Riya-Chaudhary-dev commented 4 months ago

@aaronba I have kept these value set at default. I've only updated the connection string in the appsetting file. I'm following the deployment instructions from this page https://github.com/microsoft/chat-copilot/blob/main/scripts/deploy/README.md specifically the following steps:

./deploy-azure.ps1 -Subscription {YOUR_SUBSCRIPTION_ID} -DeploymentName {YOUR_DEPLOYMENT_NAME} -AIService {AzureOpenAI or OpenAI} -AIApiKey {YOUR_AI_KEY} -AIEndpoint {YOUR_AZURE_OPENAI_ENDPOINT} -BackendClientId {YOUR_BACKEND_APPLICATION_ID} -FrontendClientId {YOUR_FRONTEND_APPLICATION_ID} -TenantId {YOUR_TENANT_ID}

./package-webapi.ps1

./deploy-webapi.ps1 -Subscription {YOUR_SUBSCRIPTION_ID} -ResourceGroupName {YOUR_RESOURCE_GROUP_NAME} -DeploymentName {YOUR_DEPLOYMENT_NAME} There are services being deployed in the resource group and file upload works but AI search doesn't.

adamruderman commented 4 months ago

@Riya-Chaudhary-dev ,

Do a package and deploy of the memory pipeline as well. The deploy-azure step pulls the packages from the releases for the repo, but they are not up to date with the code. So, if you are using "Distributed", the memory pipeline service is likely is not working properly. Ensure the appsettings for the newly deployed memory pipeline service point to the same storage account/containers, AI Search. they should by default. Hit the service url and you should get a simple message saying the memory pipeline is running.

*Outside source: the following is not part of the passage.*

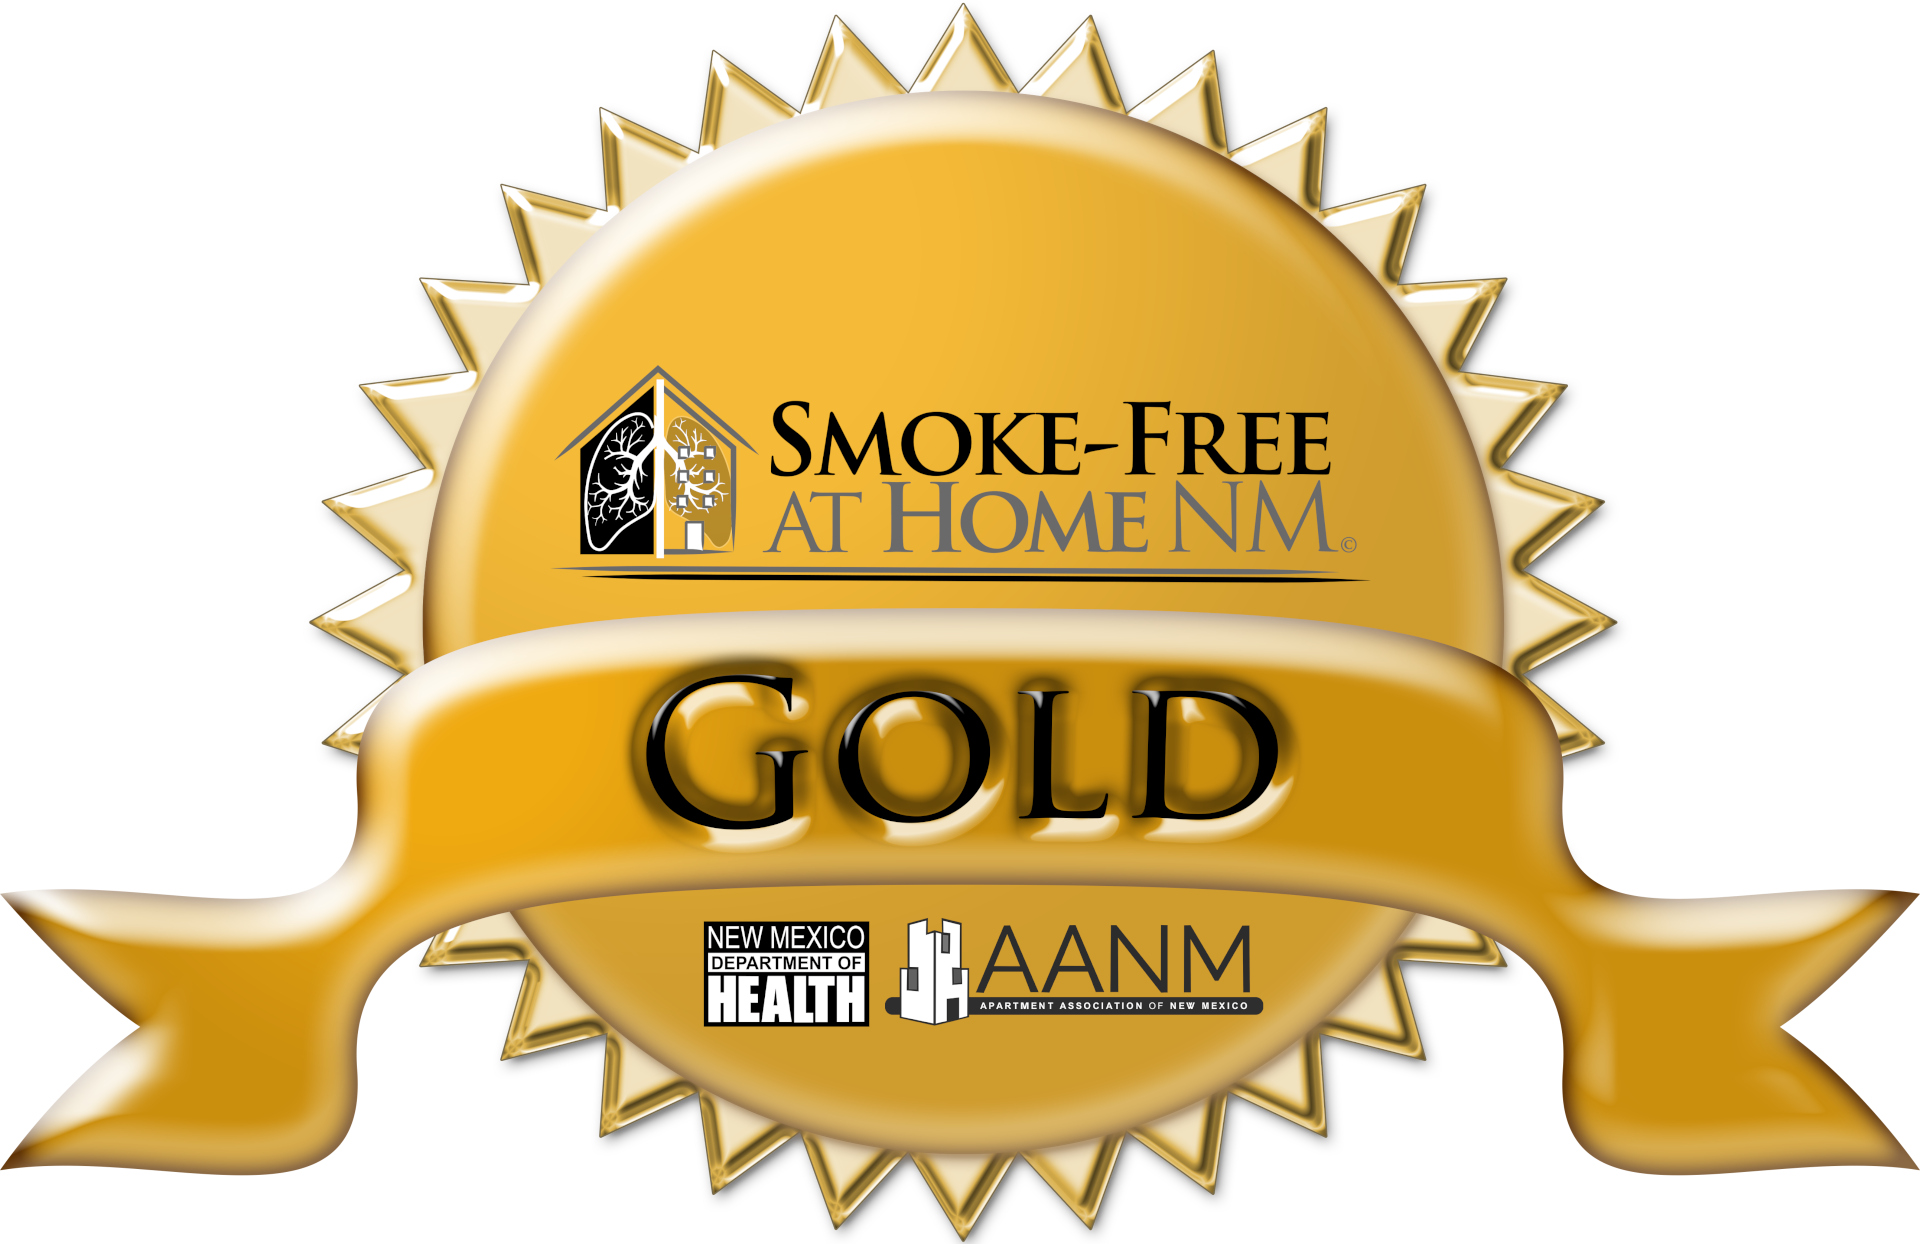 Gold: An Existing Property that does not allow any smoking, including electronic cigarettes, on any part of the property at any time.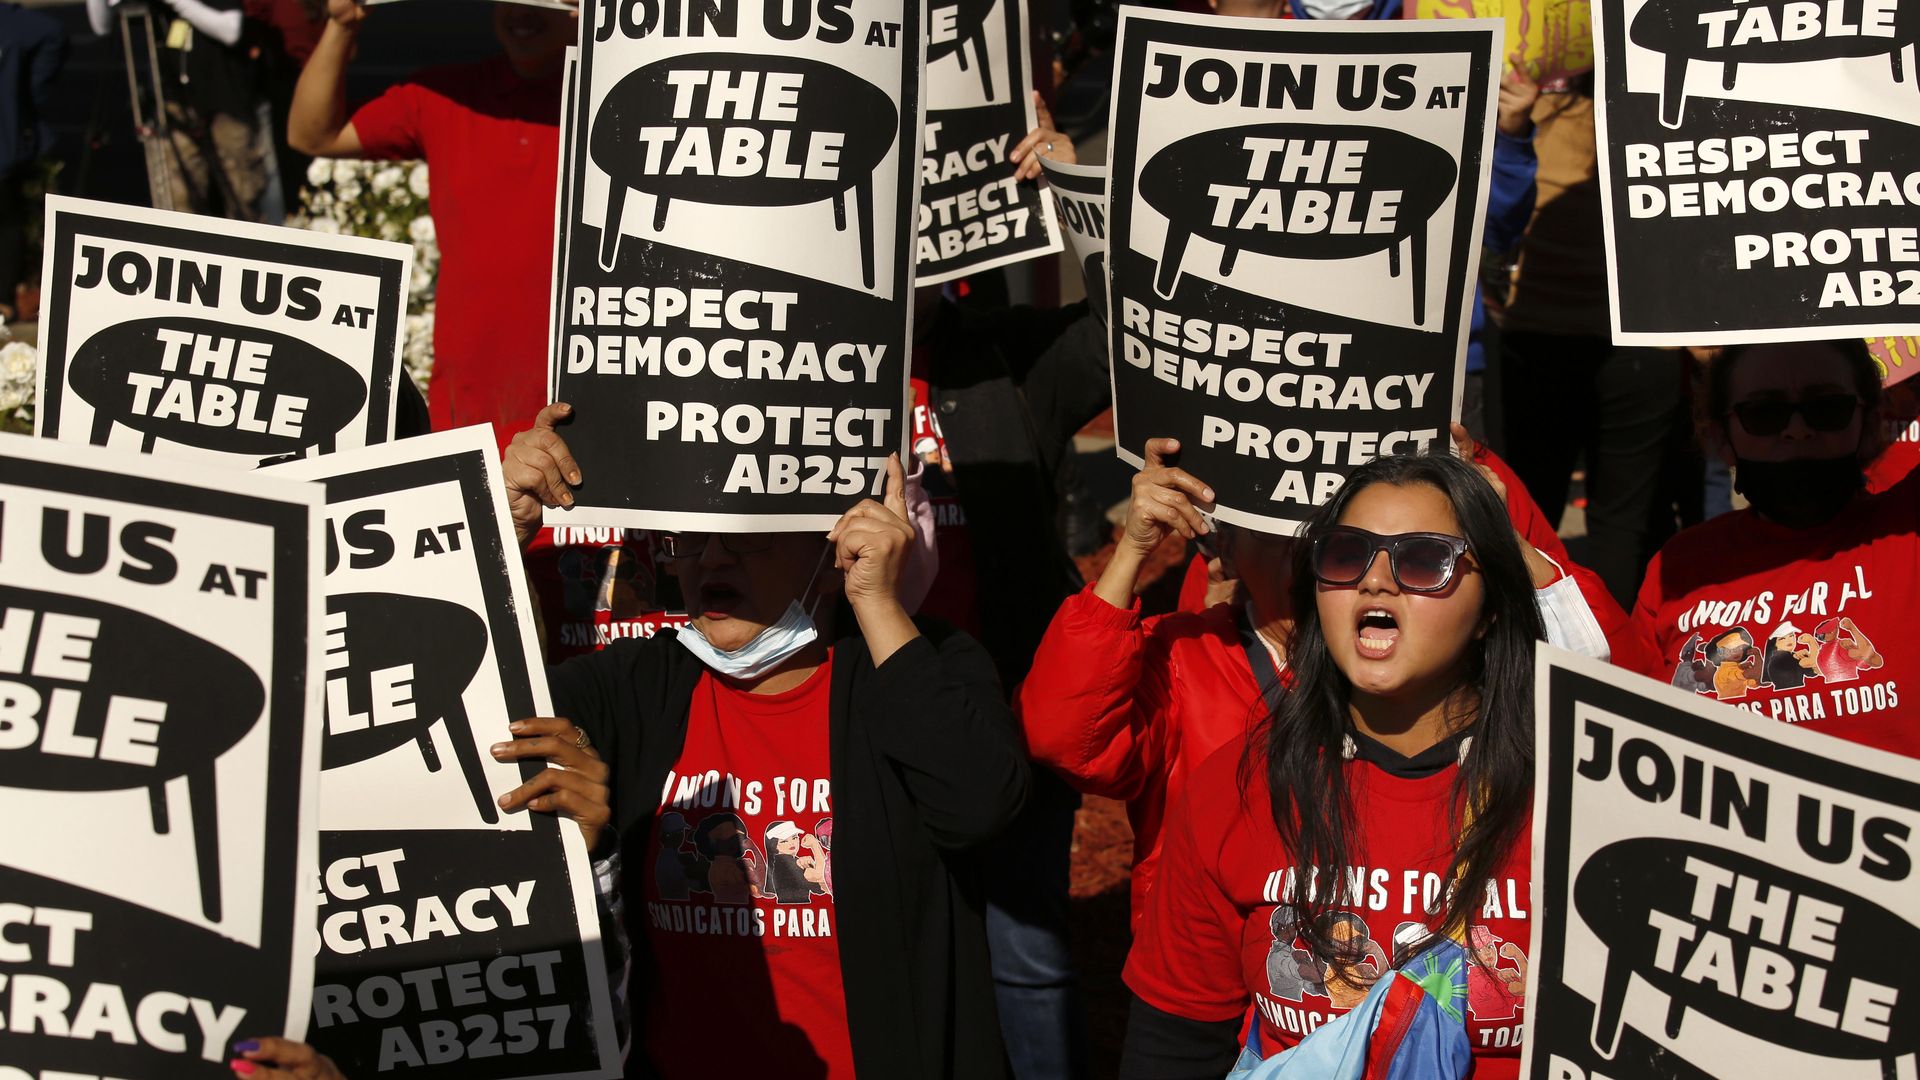 Dozens of fast-food cooks and cashiers in Los Angeles gather to demand that McDonalds, Starbucks and other chains drop their referendum seeking to overturn AB 257

Riya-Chaudhary-dev commented 3 months ago

@adamruderman I deployed the memory pipeline as well and it works me. The index was created and populated with uploaded documents but it didn't work for other users. Couldn't figure out why that would happen. Also, it doesn't retrieve information for some pdfs.

Riya-Chaudhary-dev commented 3 months ago

image The article is in the reference but the prompt shows it doesn't have access.

glahaye commented 2 months ago

All the packages (webapi, memorypipeline, websearcher) has been updated for deployments. You can give it another spin and see whether things now work for you out of the box.

glahaye commented 1 month ago

One month after providing fix and no more reports of this problem still existing. Closing.